So far, studies aiming to identify HPAI H5N1 risk factors and predict risk have been undertaken in many countries where the disease was introduced, such as Thailand [35], Vietnam [6], Indonesia [7], Bangladesh [8], the U.S. [9], the Netherlands [10], Romania [11] and Southern Africa [12]. Only three studies tried to model the risk of HPAI H5N1 in China [1315]. Despite this research effort, a central goal still exists: to understand the factors favoring the continuing reoccurrence of the virus [16]. Specifically, little is known about the agro-ecological conditions associated with highly pathogenic avian influenza H5N1 virus spread and persistence [4, 13].

In this research, risk refers to the likelihood distribution for the number of cases of avian influenza in a particular area. The goal of modeling the risk of avian influenza is to examine spatial variation in risk in terms of number of cases for a given country or region. There are few examples applying spatial modeling methods to predict avian influenza risks [17]. Logistic regression models have been used widely [11, 13, 15, 16, 18]. One may implement logistic regression to characterize the statistical association between avian influenza cases or outbreaks and environmental covariates. However, considering risk modeling in a spatial context, particularly in the case that the areas are small, one would expect “residual” dependence between counts in areas that are geographically close, due to unmeasured risk factors or errors in the data that have spatial structure [19]. In such cases, simple logistic regression modeling is insufficient.

To account for spatial dependence in the residuals, a model involving spatial autocorrelation may be fitted [20], such as a spatial regression model [9, 21, 22], and Bayesian geostatistical logistic regression model [23]. Ignoring autocorrelation may lead to the erroneous conclusion that a variable is significant in explaining avian influenza cases when the variable is in fact insignificant [9]. Such spatial regression models have the advantage that both environmental covariates and spatial autocorrelation can be estimated and full posterior distributions can be produced to quantify uncertainties in the parameters of interest [23]. It is only in recent years that researchers have begun to apply spatial regression models to avian influenza risk [9]. However, they have not yet been applied to avian influenza risk in China.

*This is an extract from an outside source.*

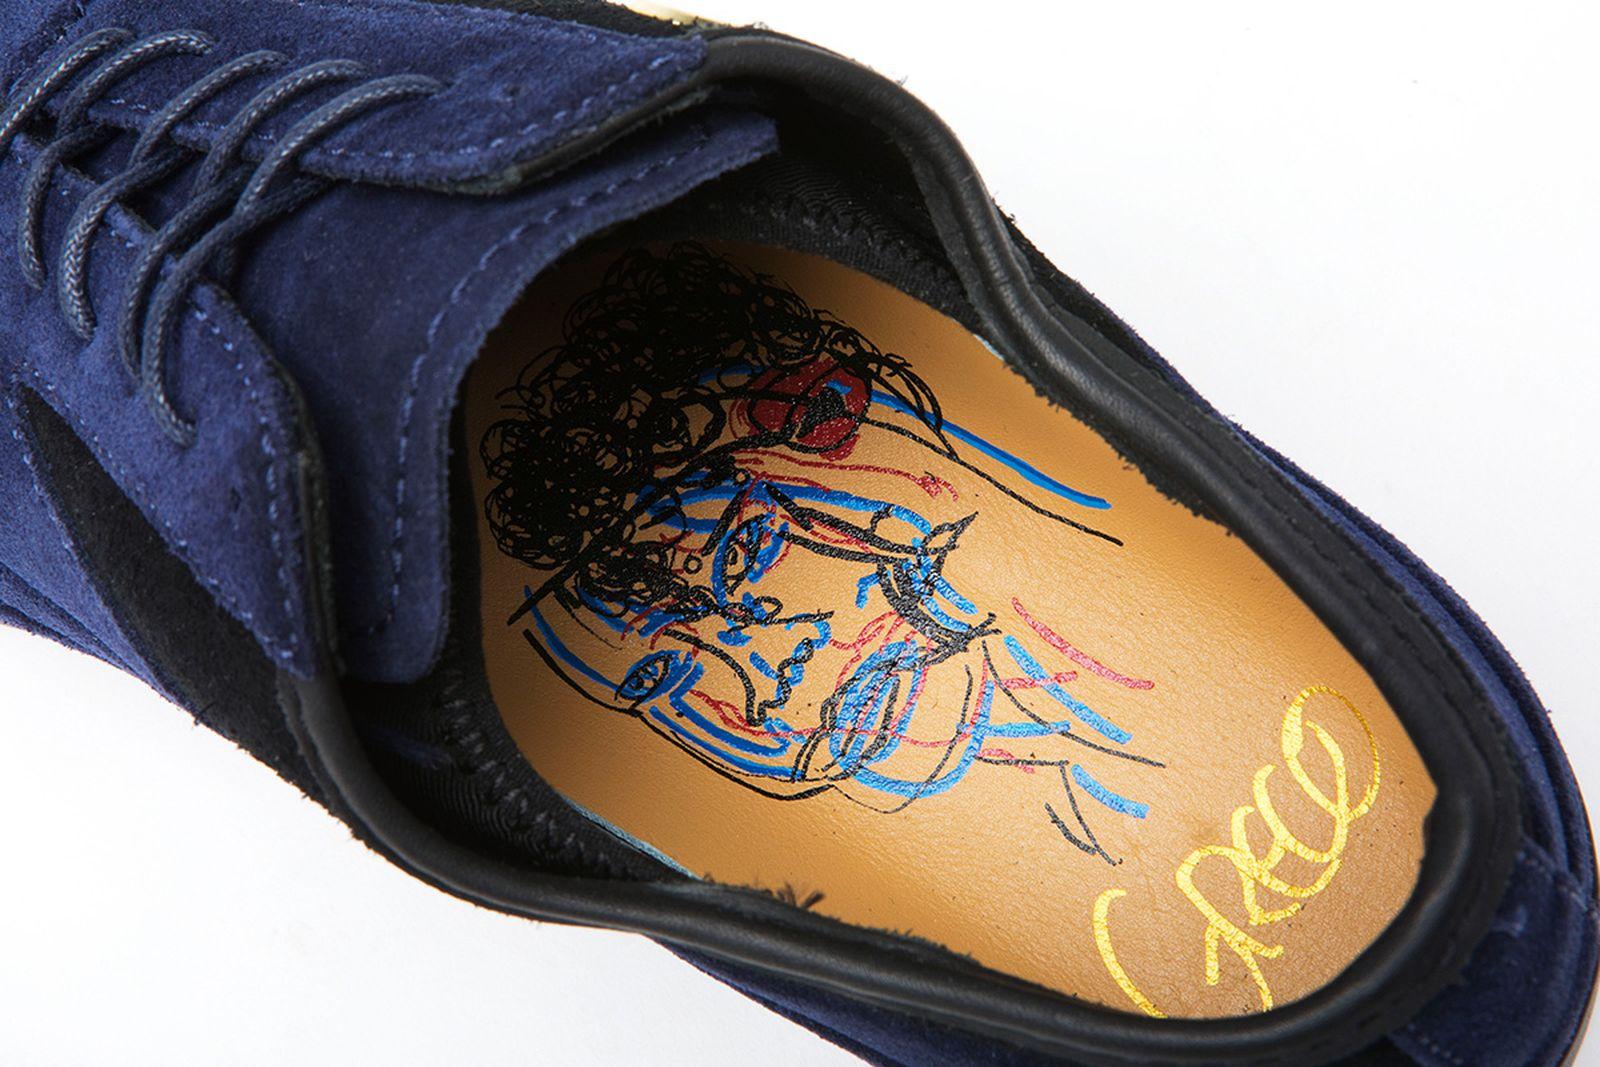 Supra Greco Sneaker release sneakers

Compared with previous studies, this research brings two improvements. First, we modeled the risk of H5N1 in poultry and wild birds, while others studies examine the risk in poultry only [15]. Surveillance for HPAI in wild birds will help to predict the spread of the avian influenza virus, and is an important component of a comprehensive surveillance program [24]. Therefore, it is included here. As the first attempt to model the distribution of HPAI H5N1 risk in China, Fang et al. [13] predicted areas at high risk in ecological areas that would not support the maintenance and transmission of the virus (e.g., the extremely large desert regions of Inner Mongolia, Tibet and Xinjiang autonomous regions) [15]. Moreover, the research conducted by Cao et al. [14] was mainly for risk analysis, rather than for risk modeling. Secondly, a generalized linear mixed model combined with variogram modeling was used for risk modeling here to account for spatial dependence. These two new aspects shed light on the risk of HPAI H5N1 in wild birds and poultry in China.

2 Methods

2.1 Data and Test for Spatial Dependence

Data on the number of cases of the HPAI H5N1 in wild birds and poultry in China reported from January 2004 to March 2011 were provided by OIE, a world organization for animal health [25]. Basic geographic data were provided by the Data Sharing Infrastructure of Earth System Science [26]. During the period January 2004 to March 2011, three main epidemic waves occurred in the number of HPAI H5N1 cases in China (Fig. 1). Some periodicity is evident. The H5N1 outbreaks in poultry during wave I were mainly distributed in central and South China, while outbreaks in wild birds only appeared in south (Fig. 2a). During wave II, the outbreaks in wild birds expanded from Southern to Western and North-Eastern China; and outbreaks in poultry moved to the North-Western and Northern part of China, while outbreaks in central China decreased significantly (Fig. 2b). During wave III, the HPAI H5N1 outbreaks in both poultry and wild birds decreased further. Outbreaks among wild birds were distributed in the West and South of China only, and those among poultry were mainly distributed in Xinjiang, Tibet and Guangdong Province (Fig. 2c). The HPAI H5N1 outbreaks in wild birds were distributed along the bird migration flyways, especially along the eastern one (Western Pacific Route) and the western one (Middle-Asia India Route) (Fig. 2).

Fig. 1.
figure 1

Temporal distribution of monthly HPAI H5N1 cases numbers reported in China

Fig. 2.
figure 2

Spatial distribution of HPAI H5N1 outbreaks reported during the three main epidemic waves in China. (a) Wave I: 01 January of 2004–30 December of 2004; (b) Wave II: 01 January of 2005–30 December of 2006; (c) Wave III: 01 January of 2007–31 March of 2011

Spatial dependence is the propensity for nearby locations to influence each other and to possess similar attributes [27, 28]. It is necessary to test for spatial dependence in the model residuals. If spatial dependence exists in the model residuals then it needs to be considered in the model for predicting HPAI H5N1 cases in different geographical areas. To test for spatial dependence in the model of HPAI H5N1 cases in wild birds and poultry in China, Ripley’s K function and Moran’s I statistic as the statistical measures of spatial dependence for point locations were used here [29].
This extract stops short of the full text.